Initially, her focus was on permanent placement. That changed when she was at a social function in the early 1980s and an official from a public utilities company asked if she did temporary staffing. "I said, 'I can do temporary staffing.' And I was asked if I could come out and talk about how I would approach that for a small project."

That project turned into many others, and she placed temporary workers for various companies in the Los Angeles area. Soon, she moved into San Francisco and Phoenix. "We made those moves by customer request," she explains. "We never went out to 'build it and they will come.'"

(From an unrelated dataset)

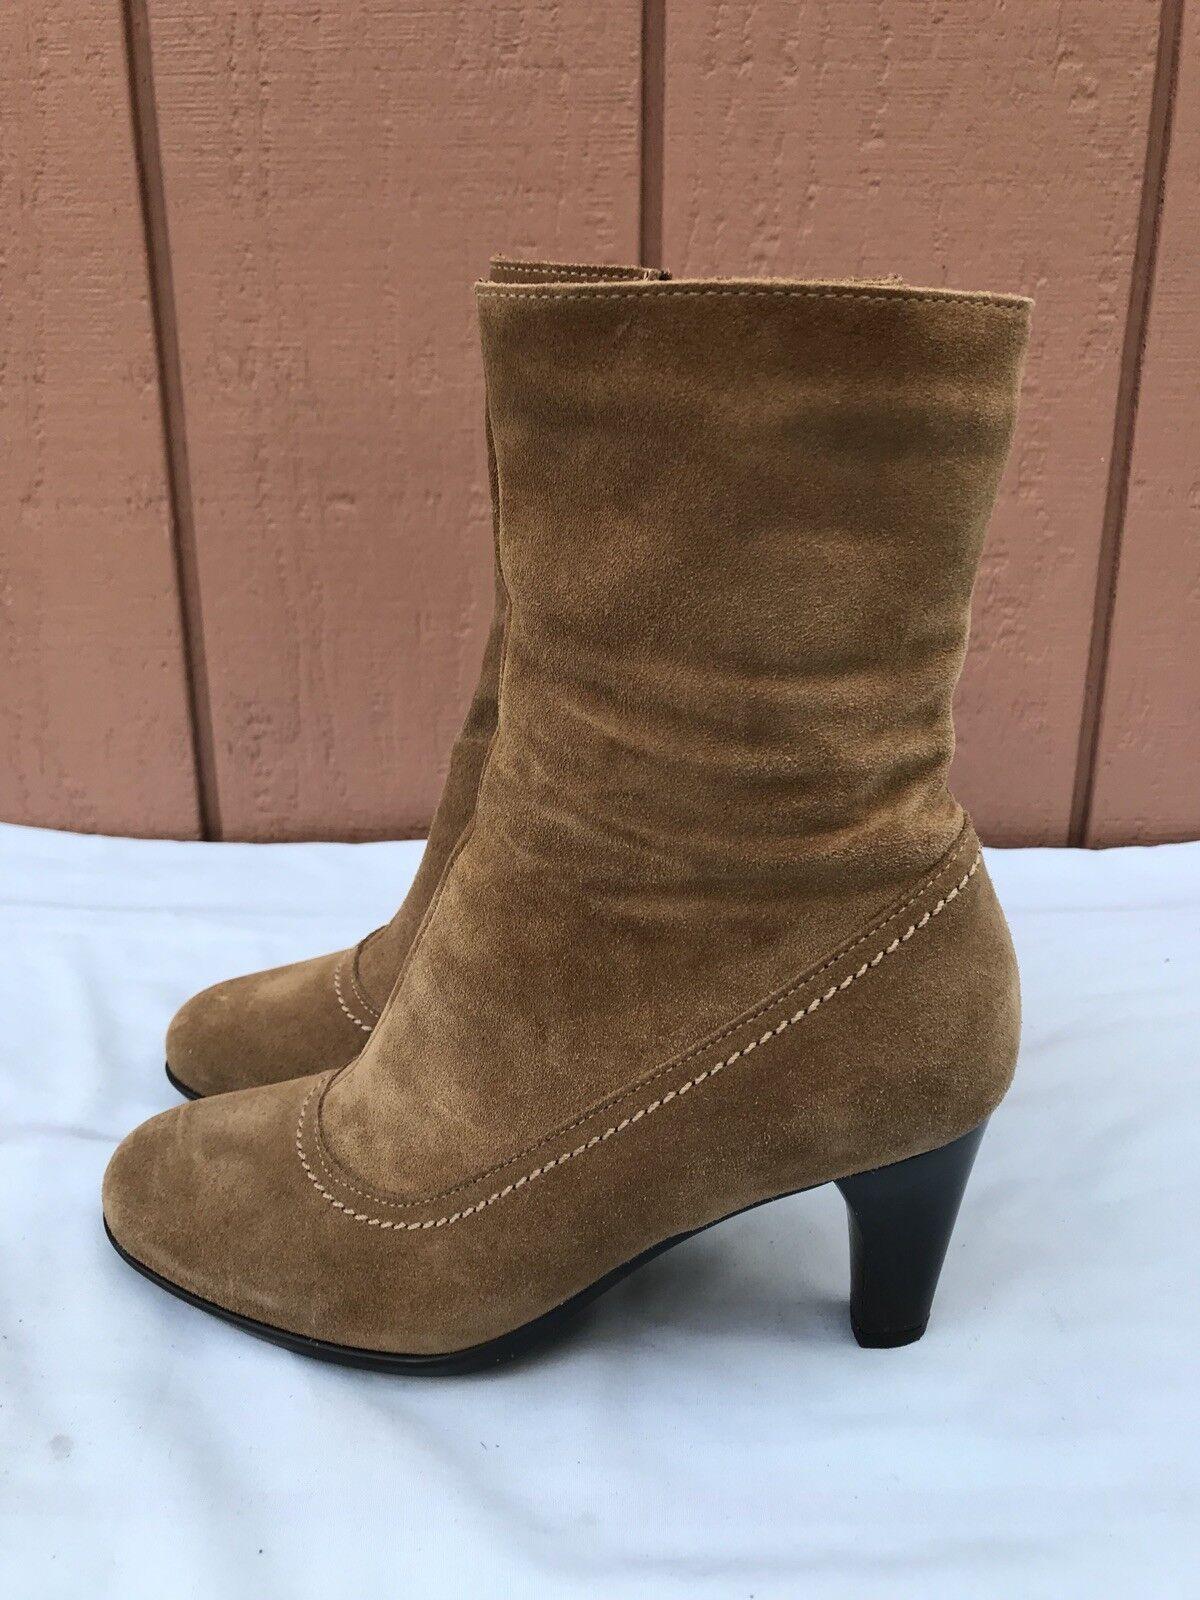 RARE EUC La Canadienne Wouomo  US 6.5M Ankle stivali Marronee Sue Zip Heels A8  grandi offerte
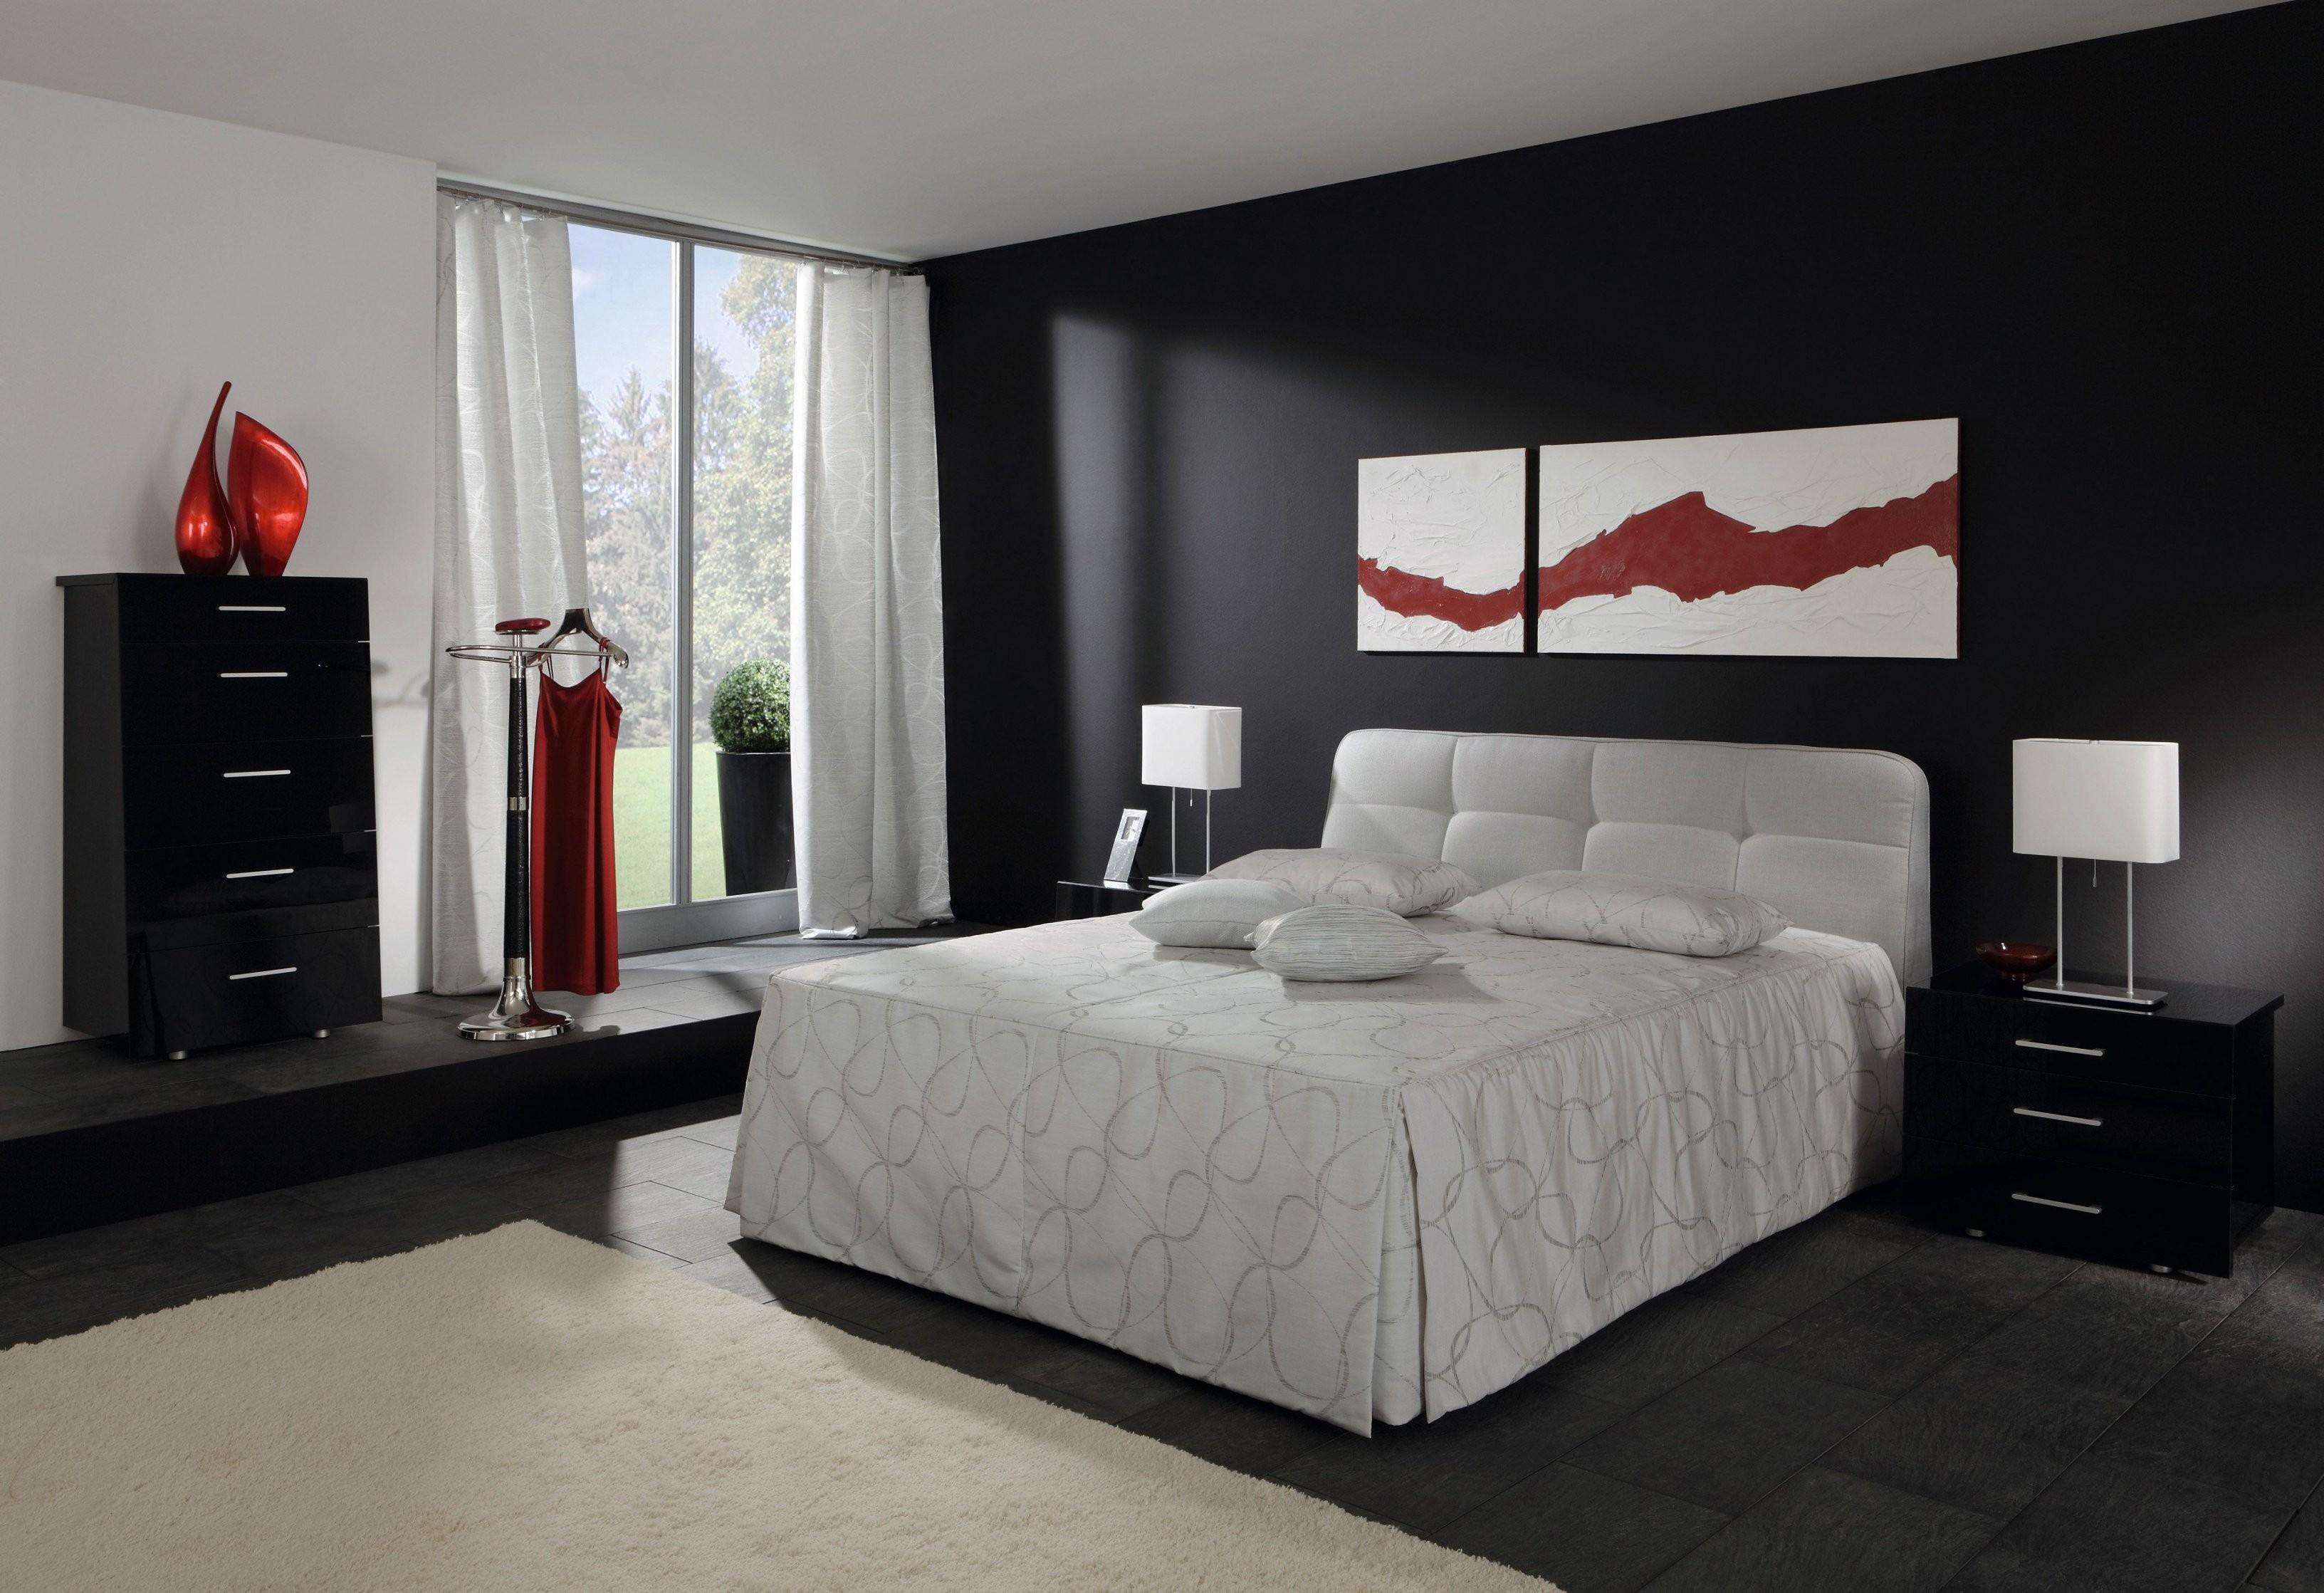 Ruf Composium Polsterbett Mit Bettkasten  Möbel Letz  Ihr Onlineshop von Ruf Bett Mit Bettkasten Bild

One of the places where the company has a presence is her hometown of Tarboro, N.C., where she grew up as one of 11 children. Howroyd, sitting in her expansive office, beams and becomes a bit misty-eyed when talking about her triumphant return to Carolina.

"When we returned to North Carolina I learned from my mother that the house that was used to open our business had been a house that she'd actually gone to sell peanuts to some ladies who lived there when she was a student," she says. "She was asked to go to the back door because as a young colored girl she wasn't to approach the front door."

As company officials and locals walked into the home, Howroyd says her mother sat there glowing as she greeted guests.

"I said, "Mama, you're just glowing.' And she explained that it was such a joy for her to be able to welcome people through the front door."

Howroyd is a graduate of North Carolina A&T University as are several of her family members. She is a tremendous booster of historically Black colleges and universities.

Actually, she is more than just a big booster. Recently, she made a pledge of $10 million to her alma mater. She wants others to support Black colleges and acknowledge that their graduates are every bit as good as those from primarily White universities.

"Some of these HBCUs graduate some of the best and brightest talent in this world, and I see it everywhere. So, I'm enthusiastic that we have graduates from these schools in our company."

In addition to North Carolina A&T, Howroyd has also donated $10 million to the University of Southern California. She wants to make a statement that she appreciates the university's commitment to inner-city Los Angeles. "I appreciate that it appreciates its urban location," she says.